За нами - храм, ярко освещенный, открытый; в искрящихся золотом святилищах, населенных божествами, химерами и символами, торжественными группами неподвижно восседают бонзы. Вокруг с однообразными переливами смеха и молитв теснится толпа народу, щедрой рукой кидающая пожертвования; с несмолкающим звоном падает на землю мелочь, падает в отсек, отведенный духовенству, где белые циновки полностью скрылись под слоем монет всевозможной величины, словно после серебряно-бронзового ливня.

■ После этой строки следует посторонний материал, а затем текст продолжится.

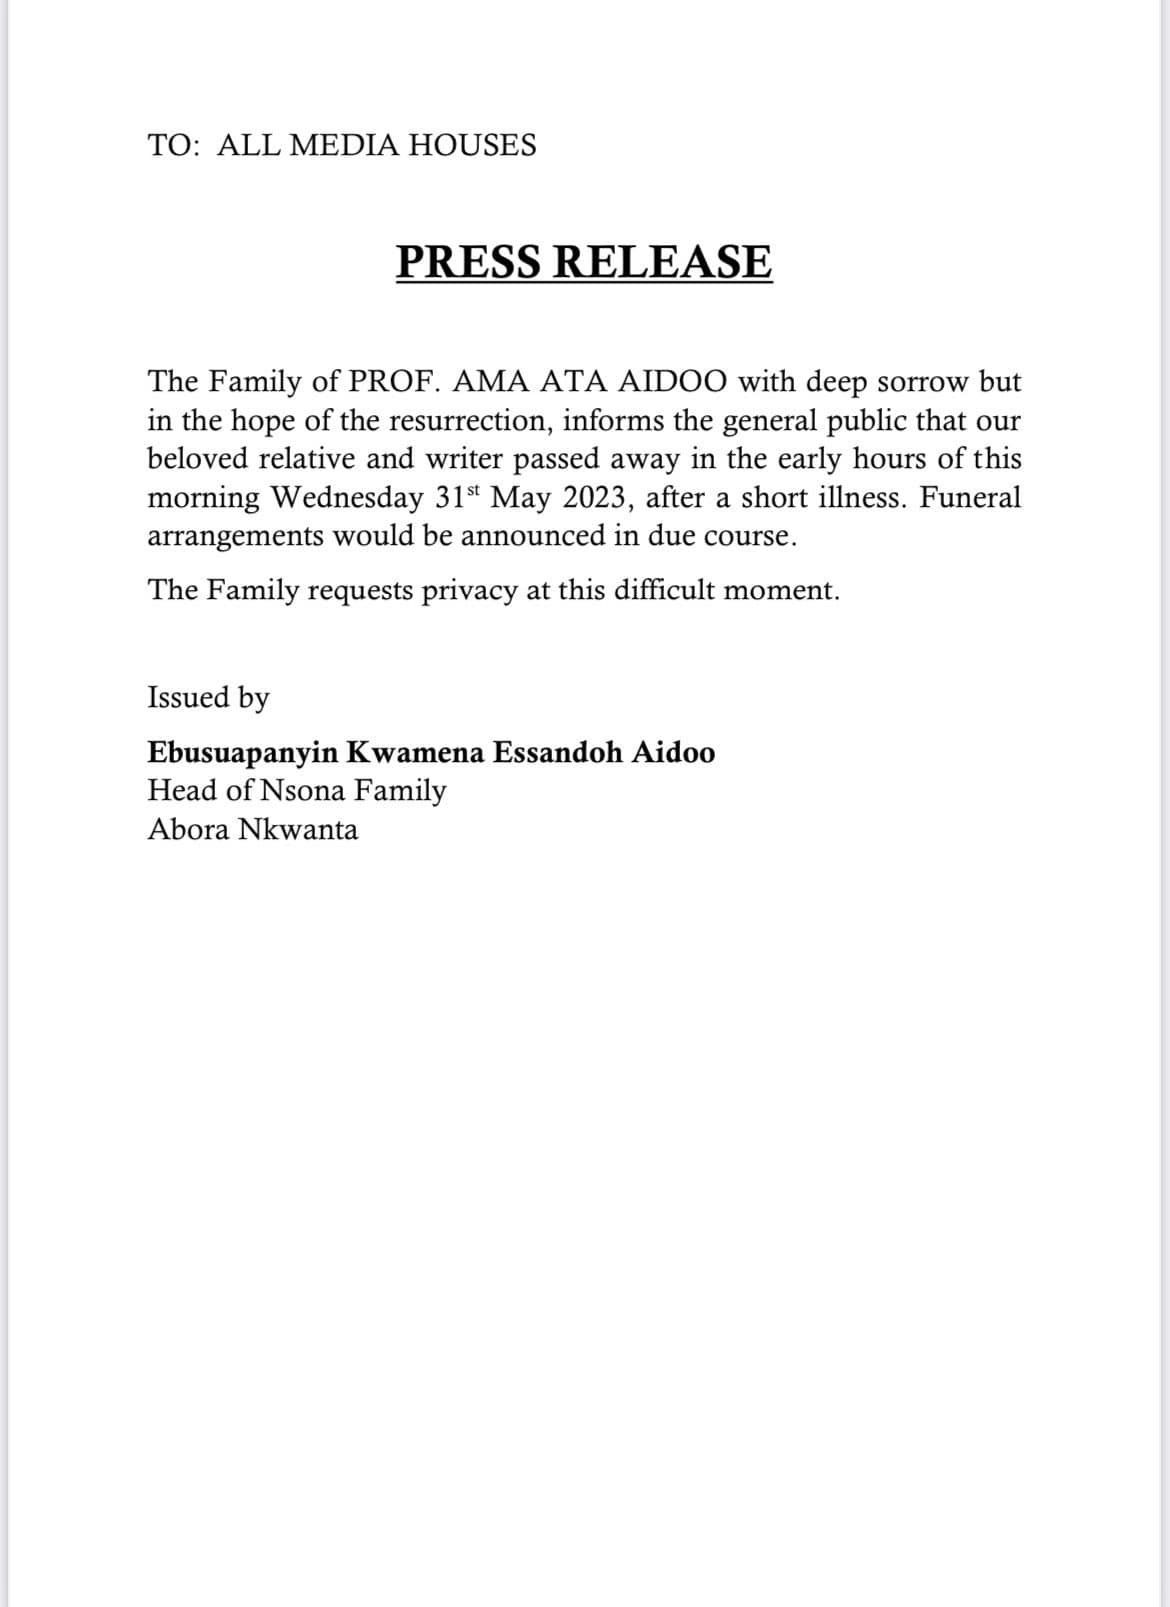 Statement from family of Prof Ama Atta Aidoo

И мы стоим здесь, стоим, чувствуя себя чем-то инородным, смотрим, смеемся, раз надо смеяться; говорим какой-то невнятный вздор на не вполне освоенном языке, который в этот вечер, в необъяснимом замешательстве, мы уже даже не понимаем. Под нашим навесом очень жарко, хотя он и колышется от ночного бриза; мы пьем из маленьких чашечек странный шербет, напоминающий ароматизированный иней или цветы в снегу. Мусме наши заказали себе по большой чашке засахаренной фасоли, перемешанной с градом - с самыми настоящими градинками, будто собранными после мартовского ливня.

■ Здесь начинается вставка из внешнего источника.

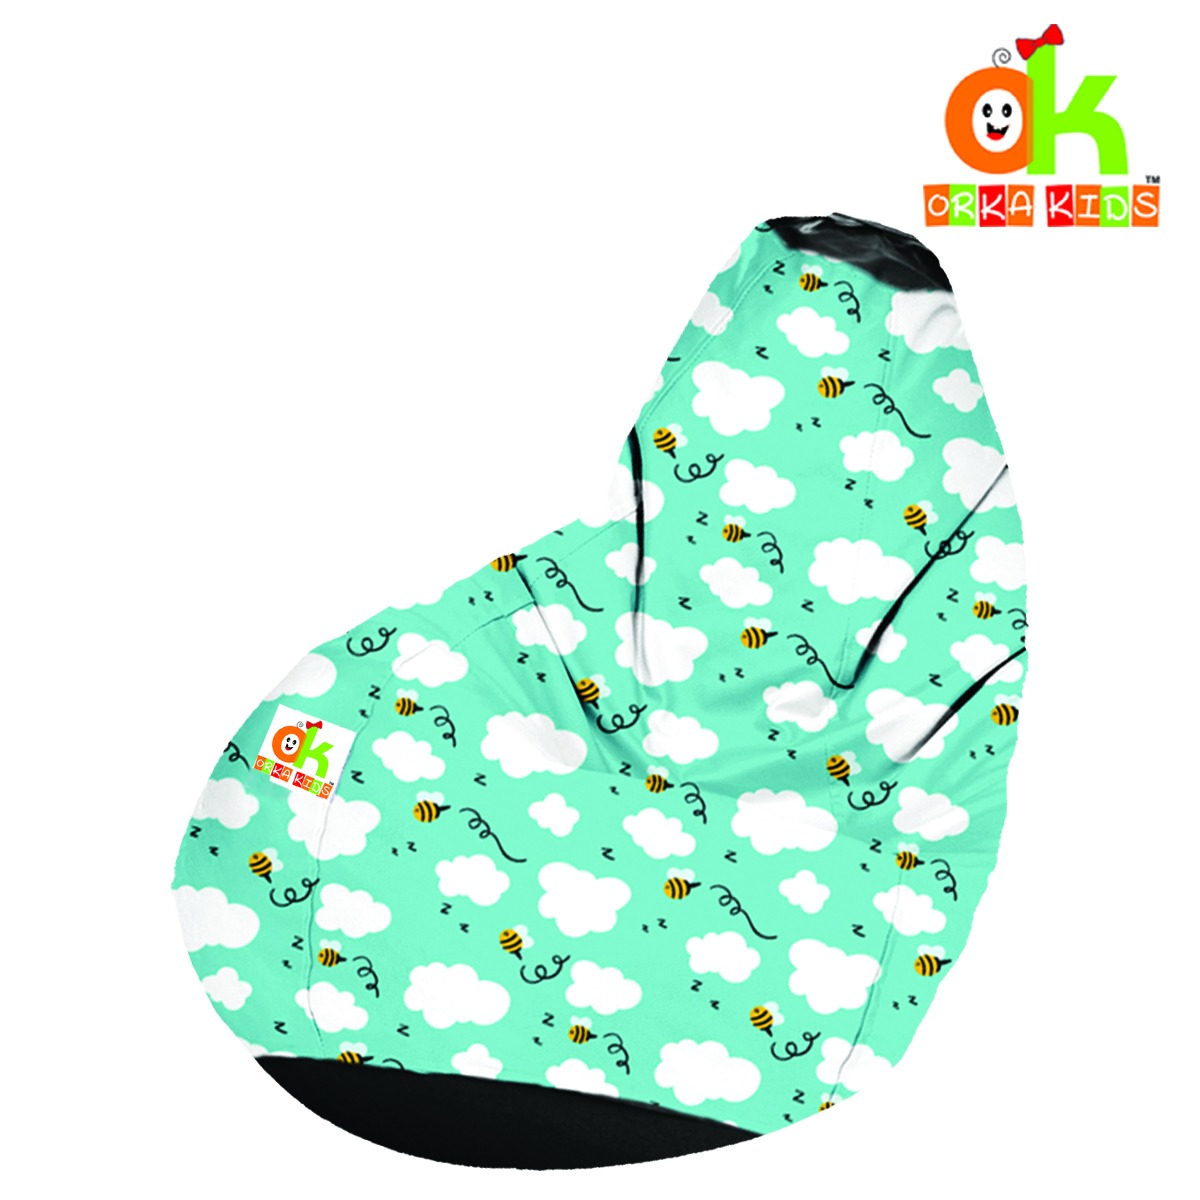 ORKA Kids Digital Printed6 Bean Bag With Beans Filled

Из хрустальных труб доносится медленное "глу-глу-глу" - звук вроде бы сильный, но идет с трудом, словно его заглушает вода. Повсюду жужжат и резко тарахтят разного вида трещотки. Создается впечатление, что и нас подхватил порыв этого непостижимого веселья, к которому примешивается - и мы даже не можем оценить, в какой степени, - что-то мистическое, что-то детское и зловещее одновременно. Какой-то священный ужас исходит от идолов, которых мы угадываем за своей спиной в храме, от смутно улавливаемых молитв - и особенно от белых лисьих голов из лакированного дерева, скрывающих порой под собой лица проходящих людей, - от этих ужасных мертвенно-бледных масок…
В садах и на прилегающих к храму территориях расположились невообразимые цирковые балаганчики, и их разрисованные белыми иероглифами черные флажки на гигантских шестах плещутся на ветру, словно украшения катафалка. Подождав, пока наши мусме завершат поклонение святыням и бросят пожертвования, мы всей толпой отправляемся туда.
В одном из этих ярмарочных бараков посреди пустой сцены на столе лежит на спине мужчина. Из его живота возникают марионетки почти в человеческий рост с жуткими косоглазыми масками; они разговаривают, жестикулируют - а потом вдруг обмякают, валятся, словно пустые тряпочки; и снова резко подымаются, будто на пружине, меняют костюмы, меняют лица, бьются в нескончаемом исступлении… В какие-то моменты их бывает три, а то и четыре одновременно: это четыре конечности лежащего человека, его поднятые вверх руки и ноги, каждая из которых имеет свое платье, свой парик, свою маску. Между этими призраками разыгрываются сцены, идут ожесточенные сабельные бои.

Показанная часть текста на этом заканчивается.